14/07/2016 às 13:20, por Cristiane Tada.

Heidy Ortega, 5ª mulher à frente da OCLAE é uma das confirmadas para o debate

A estudante cubana Heidy Laura Villuendas Ortega, de 24 anos, estudante do curso de Relações Internacionais, presidenta da Organização Continental Latino Americana e Caribenha de Estudantes (OCLAE) é uma das convidadas confirmadas deste 64º Conselho Nacional de Entidades Gerais (Coneg) da UNE . Ela participa da mesa “Imperialismo e América Latina hoje” na sexta-feira (15) a partir das 15h.
>>>Veja a programação completa aqui.

Heidy é integrante da Federação Estudantil Universitária, entidade máxima universitária de Cuba. A OCLAE representa 36 Federações Estudantis do continente, entre elas a UNE e a UBES, em 23 países do Continente Americano.

Em 2016 a entidade completa 50 anos na defesa da soberania e integração entre os povos e nações amplificando e unindo as lutas estudantis de todos os países em defesa da educação e por democracia. Dentro da programação do 64º Coneg no sábado (16) a partir das 18h um Grupo de Trabalho vai debater os eventos do cinquentenário.

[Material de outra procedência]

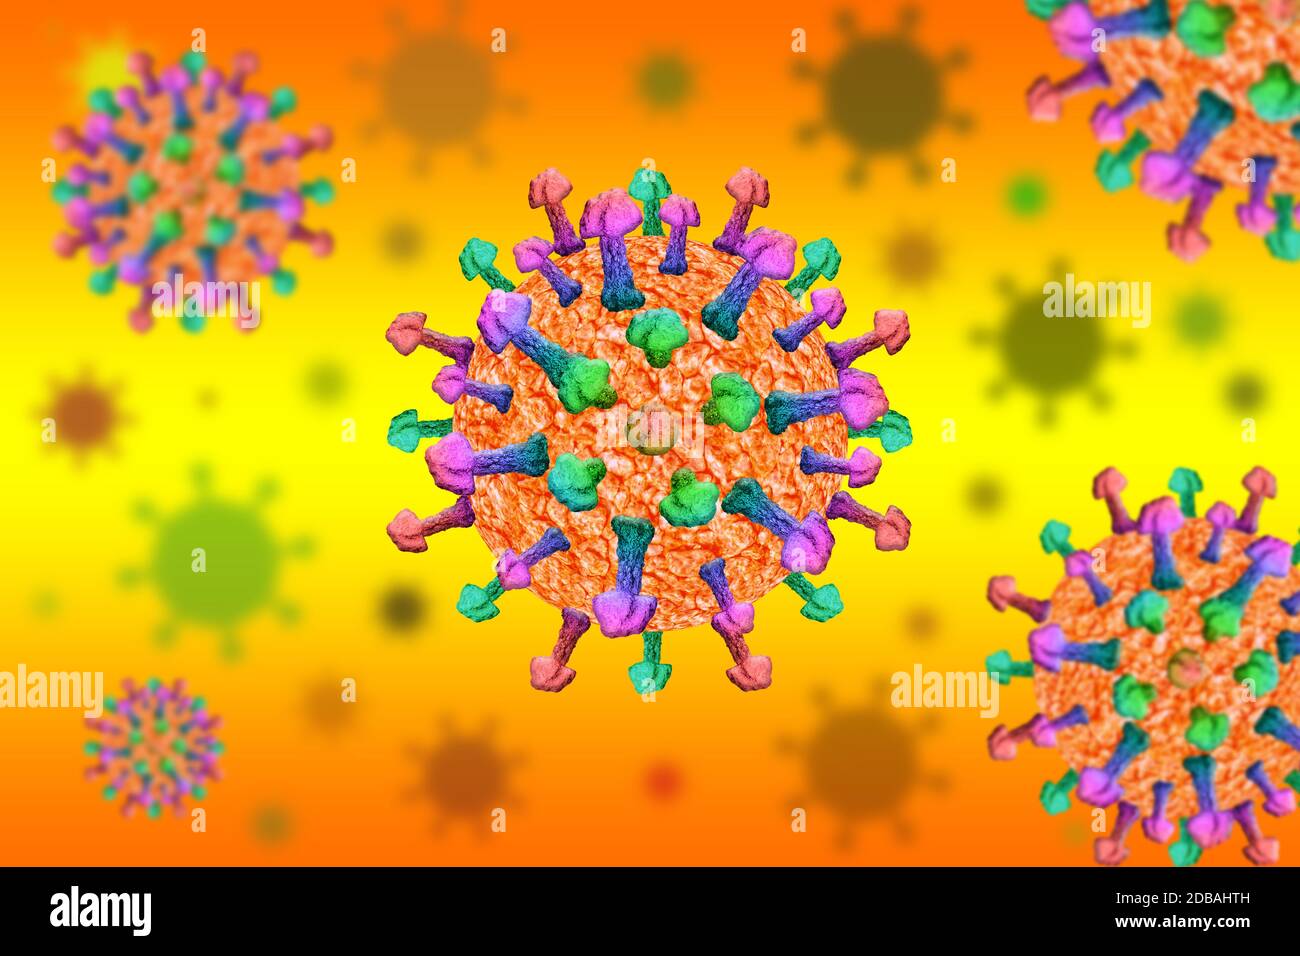 Ansteckender Coronavirus-Ausbruch und Coronaviren Influenza medizinische Krise als gefährliche Grippesteim Fälle oder Pandemie öffentlichen Gesundheitsrisiko Stockfoto

Pela quinta vez em sua história a OCLAE tem uma mulher à sua frente. Em entrevista ao site da UNE assim que assumiu o cargo em setembro de 2015, Heidy falou sobre essa responsabilidade e afirmou: “Creio que ainda falta muito por fazer em nosso continente para conquistar a igualdade plena de gênero”.

Ela falou ainda sobre a ofensiva conservadora no nosso continente e do dever dos estudantes de lutarem sem descanso pelo bem-estar de nossos povos.

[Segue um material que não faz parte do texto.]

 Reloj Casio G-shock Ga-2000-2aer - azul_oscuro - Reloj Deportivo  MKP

“A direita sempre esteve presente e sempre tratará de ganhar terreno a custa dos espaços que deixemos vazios. Nós temos um cenário muito complexo, no qual a direita se reorganiza e toma força em uma contraofensiva perigosa para o futuro próximo de nossos povos. Frente a esta conjuntura, nosso dever é o de nos consolidar como um espaço de articulação onde se fortaleça a unidade e continuar lutando sem descanso pelo bem-estar de nossos povos”, destacou.

Para Heidy nestes tempos, se impõe fazer com que o movimento estudantil avance na sua consciência aintiimperialista em contraposição ao sistema que se impôs a humanidade, e avance também na busca de uma educação pública que tenha como norte a transformação da sociedade em que vivemos.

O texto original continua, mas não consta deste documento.